**Data shown**:
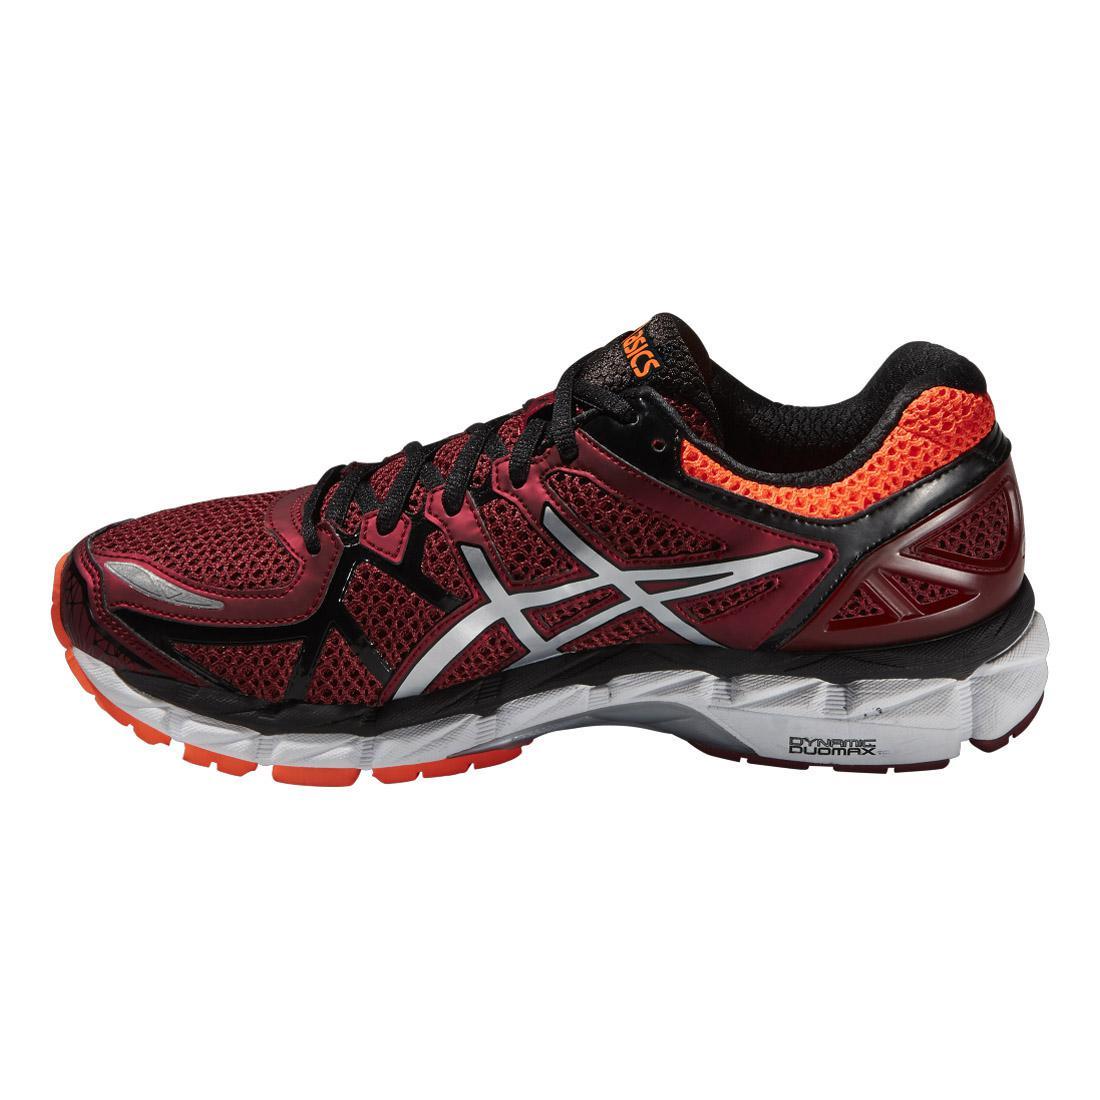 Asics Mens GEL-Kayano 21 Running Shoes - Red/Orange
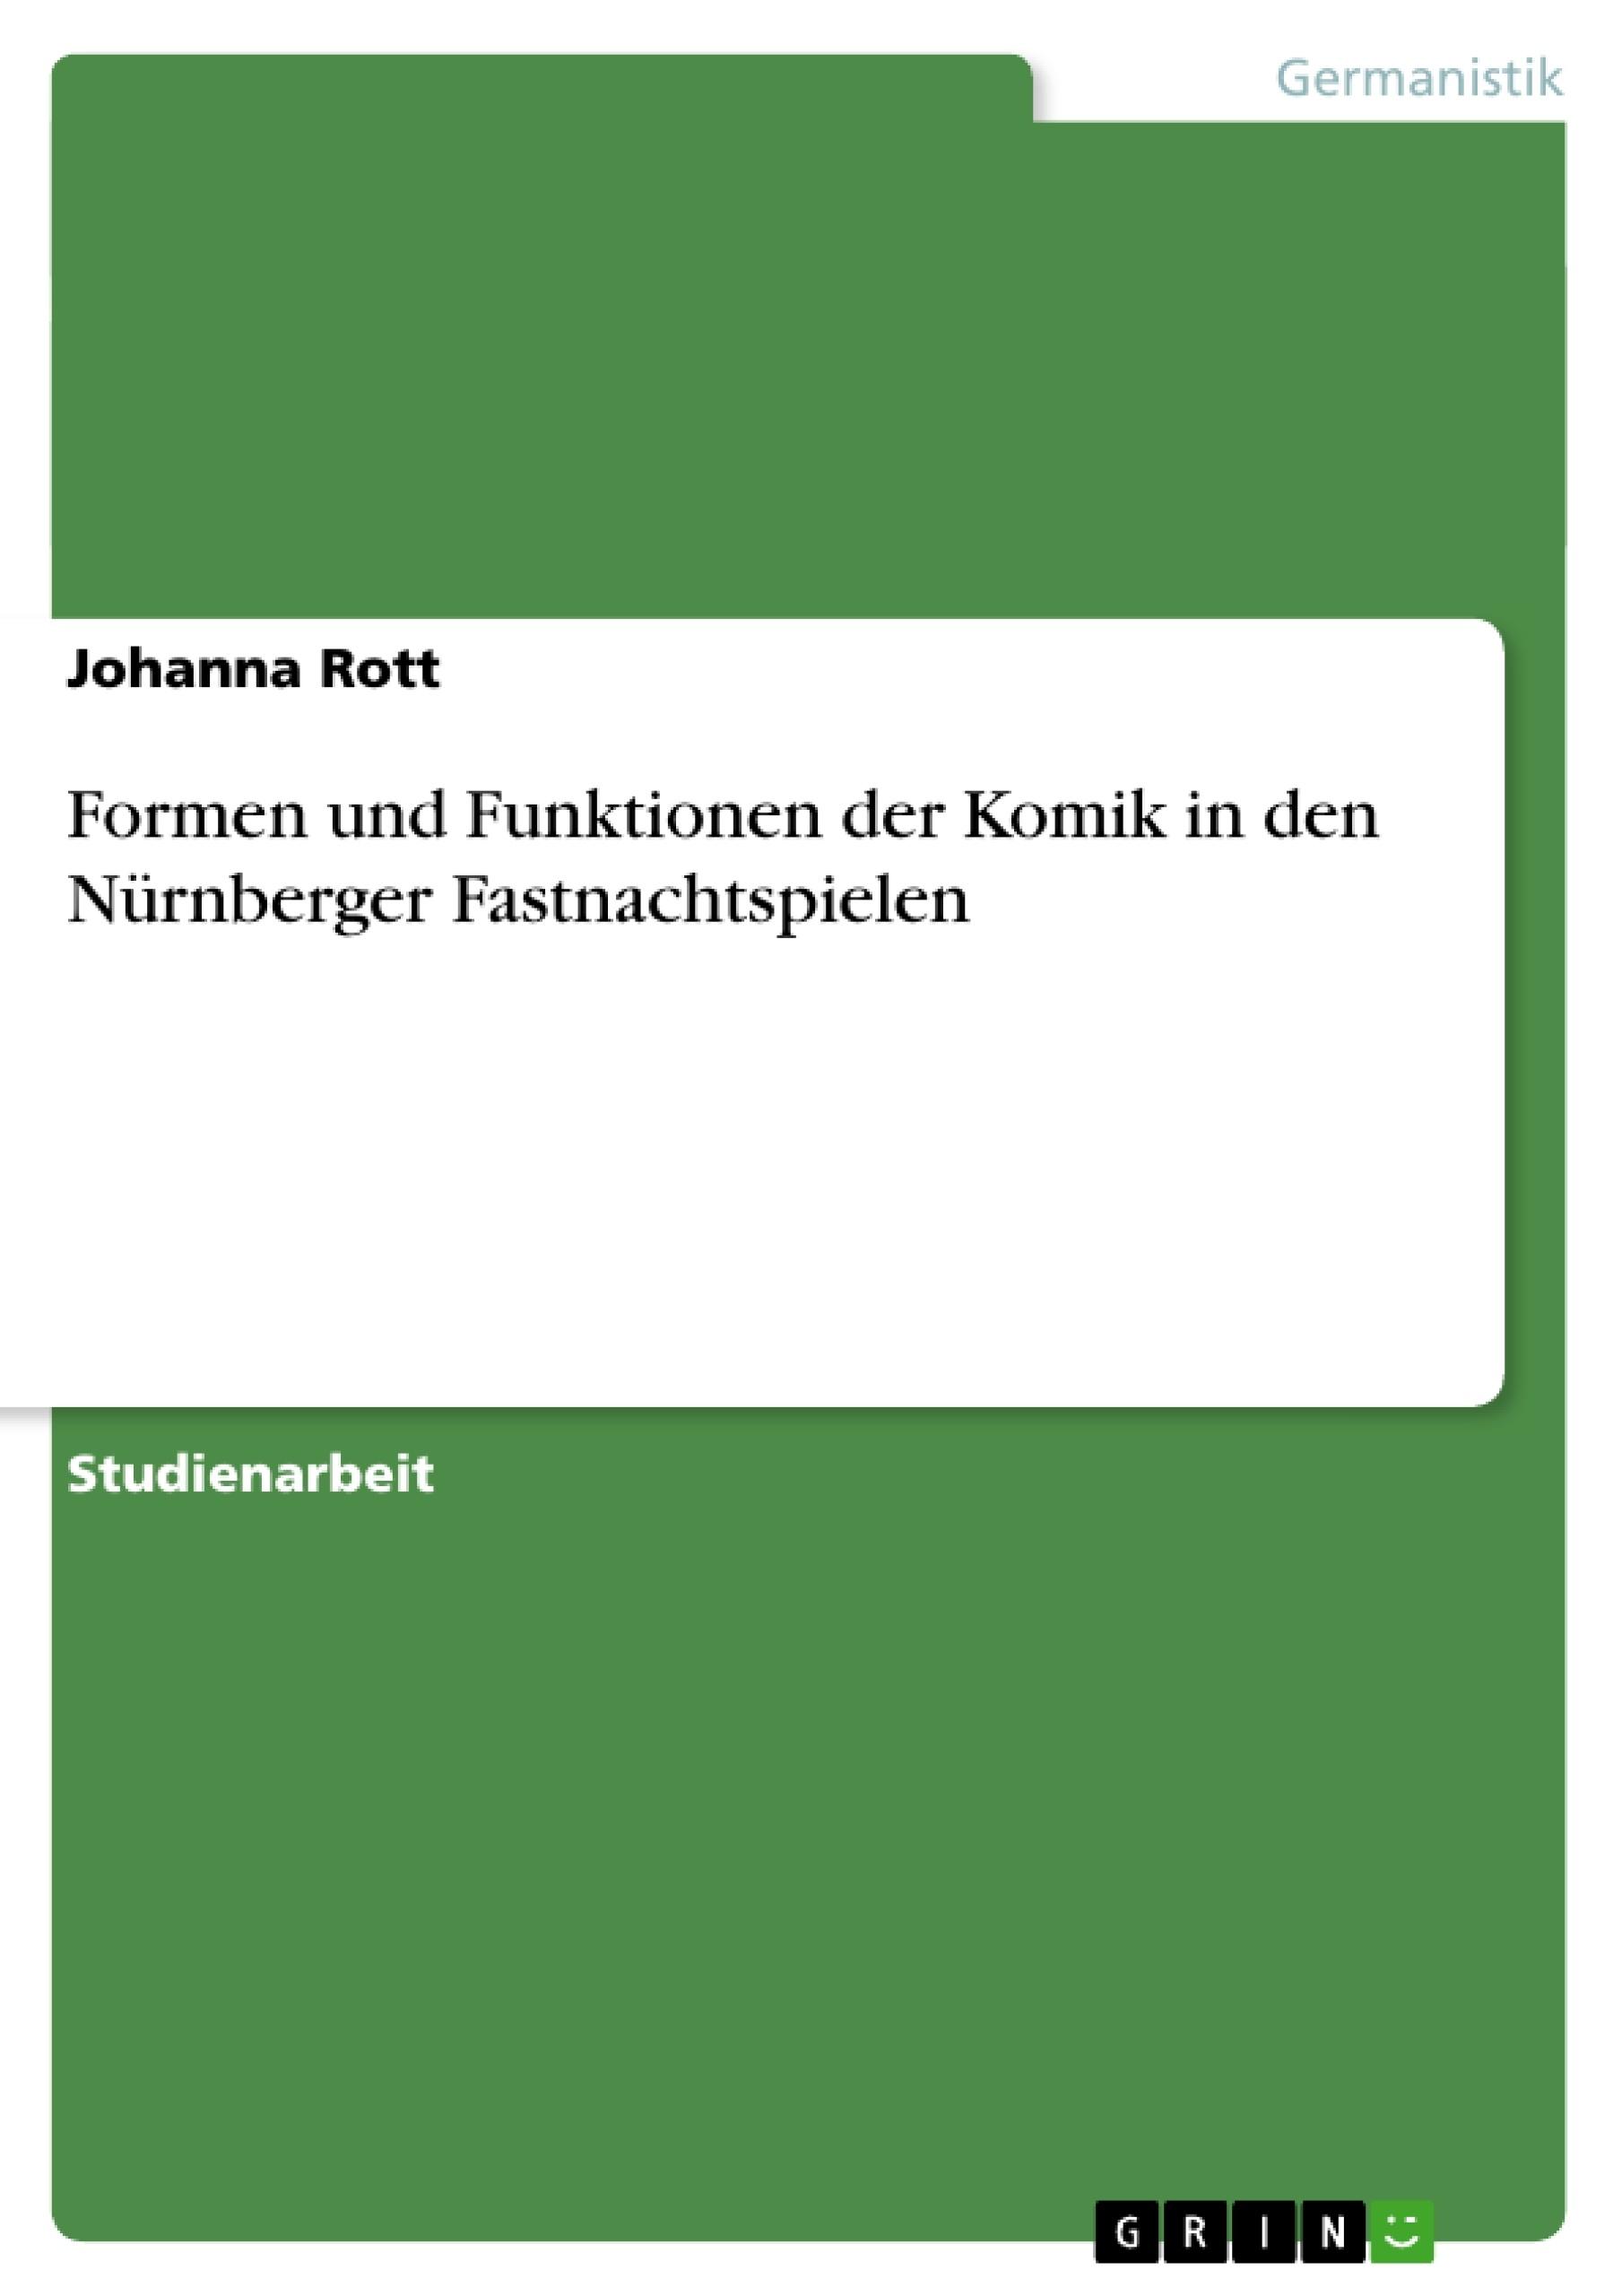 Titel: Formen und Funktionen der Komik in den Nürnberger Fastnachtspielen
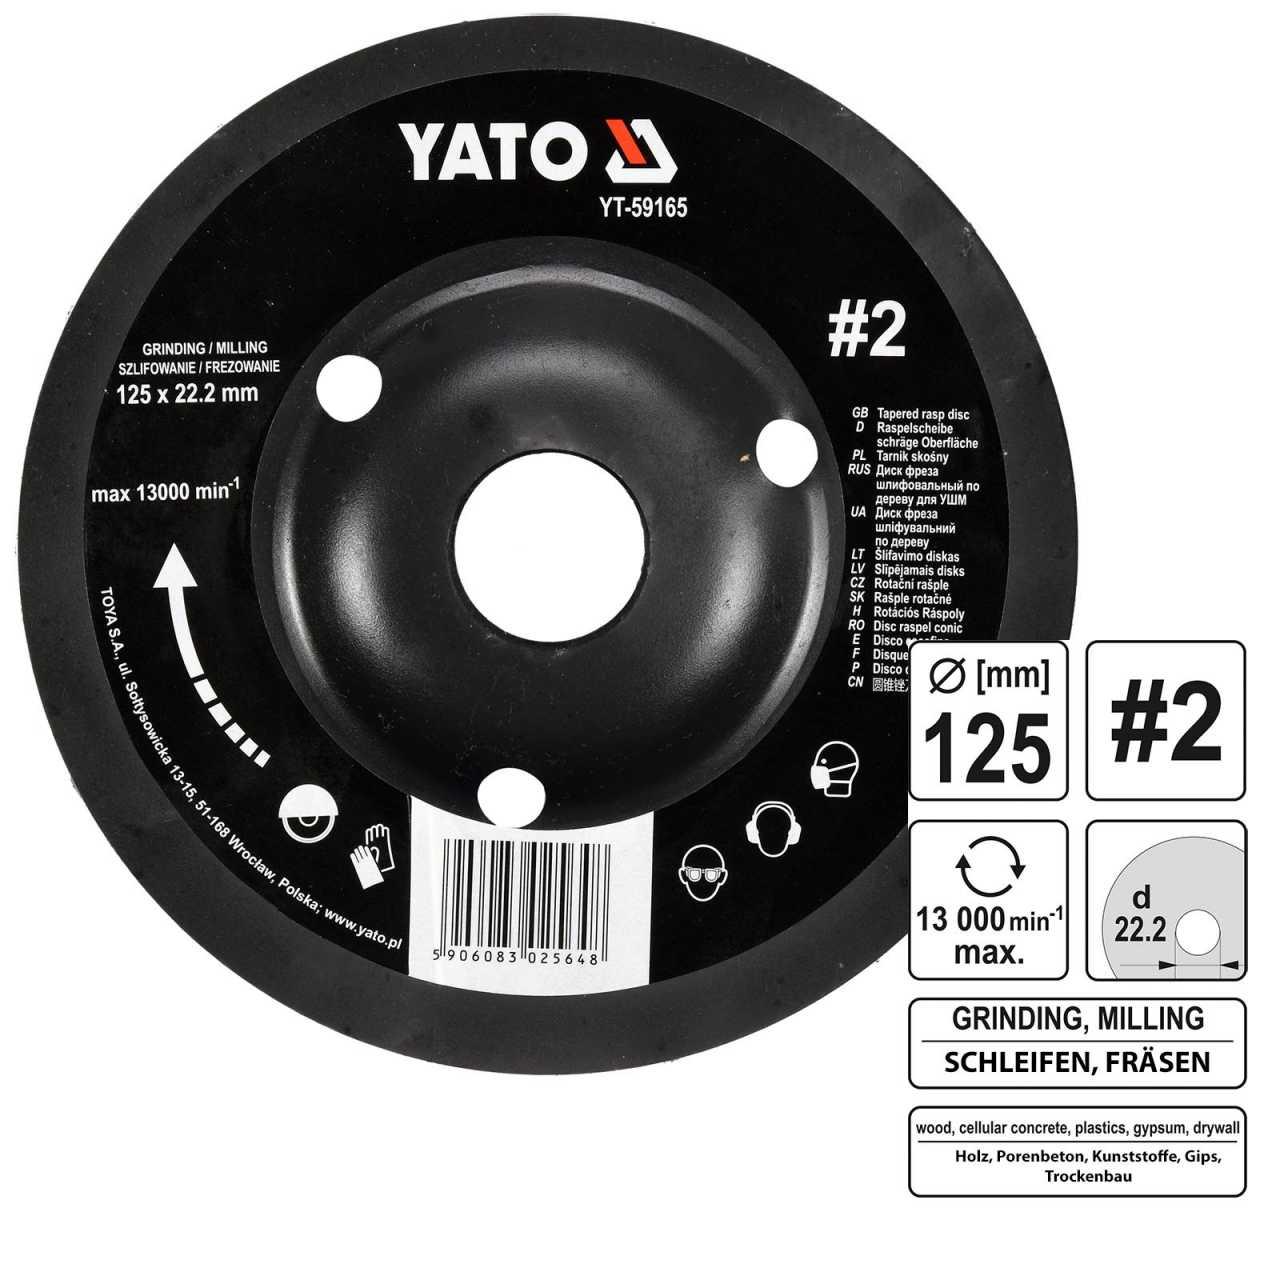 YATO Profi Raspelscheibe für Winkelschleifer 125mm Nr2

**Your instructions**: None of the pictures belong in the copy; repeat all other material exactly.

**Solution below**:
 Asics Mens GEL-Kayano 21 Running Shoes - Red/Orange
 Titel: Formen und Funktionen der Komik in den Nürnberger Fastnachtspielen
 YATO Profi Raspelscheibe für Winkelschleifer 125mm Nr2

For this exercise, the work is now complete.